» WHAT NEEDS TO BE DONE
Working from the top of the records below, reproduce each line exactly, ending once you have written the line containing "White Sleeveless Striper".

[Stored dataset items]
--- START ---
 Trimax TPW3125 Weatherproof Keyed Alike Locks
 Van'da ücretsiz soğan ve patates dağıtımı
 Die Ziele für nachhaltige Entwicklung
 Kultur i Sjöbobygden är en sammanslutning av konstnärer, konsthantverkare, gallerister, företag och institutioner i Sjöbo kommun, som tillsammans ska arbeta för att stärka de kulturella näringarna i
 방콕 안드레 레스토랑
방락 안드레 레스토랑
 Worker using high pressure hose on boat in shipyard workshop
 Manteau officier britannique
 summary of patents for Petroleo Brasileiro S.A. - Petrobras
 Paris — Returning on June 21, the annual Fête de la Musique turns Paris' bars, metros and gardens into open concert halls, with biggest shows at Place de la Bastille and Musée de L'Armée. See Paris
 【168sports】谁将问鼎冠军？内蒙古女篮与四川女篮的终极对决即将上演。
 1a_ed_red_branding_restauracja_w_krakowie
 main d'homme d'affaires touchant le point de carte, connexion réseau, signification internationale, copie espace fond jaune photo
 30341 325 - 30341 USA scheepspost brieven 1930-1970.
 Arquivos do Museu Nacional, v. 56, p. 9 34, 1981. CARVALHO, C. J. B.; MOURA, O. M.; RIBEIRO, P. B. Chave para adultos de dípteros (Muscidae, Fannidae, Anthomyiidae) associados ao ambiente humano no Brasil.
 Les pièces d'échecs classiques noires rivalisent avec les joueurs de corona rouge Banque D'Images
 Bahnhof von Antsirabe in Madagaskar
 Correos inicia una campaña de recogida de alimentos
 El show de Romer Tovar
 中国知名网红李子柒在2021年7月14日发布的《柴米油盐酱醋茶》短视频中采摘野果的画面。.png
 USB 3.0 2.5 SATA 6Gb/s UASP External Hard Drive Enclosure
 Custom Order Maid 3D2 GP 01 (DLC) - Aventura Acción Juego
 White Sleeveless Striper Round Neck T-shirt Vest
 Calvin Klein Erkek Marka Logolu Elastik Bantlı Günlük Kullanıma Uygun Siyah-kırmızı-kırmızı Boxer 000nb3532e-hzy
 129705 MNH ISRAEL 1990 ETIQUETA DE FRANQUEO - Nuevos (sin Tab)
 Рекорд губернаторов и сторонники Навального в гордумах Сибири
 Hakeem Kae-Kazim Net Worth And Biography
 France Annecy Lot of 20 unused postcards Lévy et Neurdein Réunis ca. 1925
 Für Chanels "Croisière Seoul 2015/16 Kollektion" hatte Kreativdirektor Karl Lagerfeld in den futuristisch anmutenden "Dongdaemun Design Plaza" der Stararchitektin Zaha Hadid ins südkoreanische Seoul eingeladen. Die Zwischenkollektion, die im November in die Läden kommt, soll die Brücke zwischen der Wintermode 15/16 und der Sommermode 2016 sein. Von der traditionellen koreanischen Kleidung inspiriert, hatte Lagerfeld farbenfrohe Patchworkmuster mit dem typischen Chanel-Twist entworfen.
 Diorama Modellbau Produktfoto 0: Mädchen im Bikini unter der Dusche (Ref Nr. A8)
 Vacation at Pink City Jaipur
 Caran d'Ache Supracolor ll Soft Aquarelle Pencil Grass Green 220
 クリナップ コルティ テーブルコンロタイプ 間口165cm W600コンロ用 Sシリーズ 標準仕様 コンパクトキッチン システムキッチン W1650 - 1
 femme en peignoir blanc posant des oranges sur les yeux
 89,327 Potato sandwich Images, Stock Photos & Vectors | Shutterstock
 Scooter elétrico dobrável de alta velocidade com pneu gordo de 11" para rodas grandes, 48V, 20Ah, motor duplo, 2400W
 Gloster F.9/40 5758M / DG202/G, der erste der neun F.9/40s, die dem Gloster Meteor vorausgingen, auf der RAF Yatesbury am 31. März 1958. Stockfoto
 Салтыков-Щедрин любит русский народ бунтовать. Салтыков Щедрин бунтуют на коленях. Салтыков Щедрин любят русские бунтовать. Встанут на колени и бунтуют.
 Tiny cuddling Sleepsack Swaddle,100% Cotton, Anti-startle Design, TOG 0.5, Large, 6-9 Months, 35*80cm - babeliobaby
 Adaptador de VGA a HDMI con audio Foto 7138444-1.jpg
--- END ---
» EXERCISE SOLUTION
 Trimax TPW3125 Weatherproof Keyed Alike Locks
 Van'da ücretsiz soğan ve patates dağıtımı
 Die Ziele für nachhaltige Entwicklung
 Kultur i Sjöbobygden är en sammanslutning av konstnärer, konsthantverkare, gallerister, företag och institutioner i Sjöbo kommun, som tillsammans ska arbeta för att stärka de kulturella näringarna i
 방콕 안드레 레스토랑
방락 안드레 레스토랑
 Worker using high pressure hose on boat in shipyard workshop
 Manteau officier britannique
 summary of patents for Petroleo Brasileiro S.A. - Petrobras
 Paris — Returning on June 21, the annual Fête de la Musique turns Paris' bars, metros and gardens into open concert halls, with biggest shows at Place de la Bastille and Musée de L'Armée. See Paris
 【168sports】谁将问鼎冠军？内蒙古女篮与四川女篮的终极对决即将上演。
 1a_ed_red_branding_restauracja_w_krakowie
 main d'homme d'affaires touchant le point de carte, connexion réseau, signification internationale, copie espace fond jaune photo
 30341 325 - 30341 USA scheepspost brieven 1930-1970.
 Arquivos do Museu Nacional, v. 56, p. 9 34, 1981. CARVALHO, C. J. B.; MOURA, O. M.; RIBEIRO, P. B. Chave para adultos de dípteros (Muscidae, Fannidae, Anthomyiidae) associados ao ambiente humano no Brasil.
 Les pièces d'échecs classiques noires rivalisent avec les joueurs de corona rouge Banque D'Images
 Bahnhof von Antsirabe in Madagaskar
 Correos inicia una campaña de recogida de alimentos
 El show de Romer Tovar
 中国知名网红李子柒在2021年7月14日发布的《柴米油盐酱醋茶》短视频中采摘野果的画面。.png
 USB 3.0 2.5 SATA 6Gb/s UASP External Hard Drive Enclosure
 Custom Order Maid 3D2 GP 01 (DLC) - Aventura Acción Juego
 White Sleeveless Striper Round Neck T-shirt Vest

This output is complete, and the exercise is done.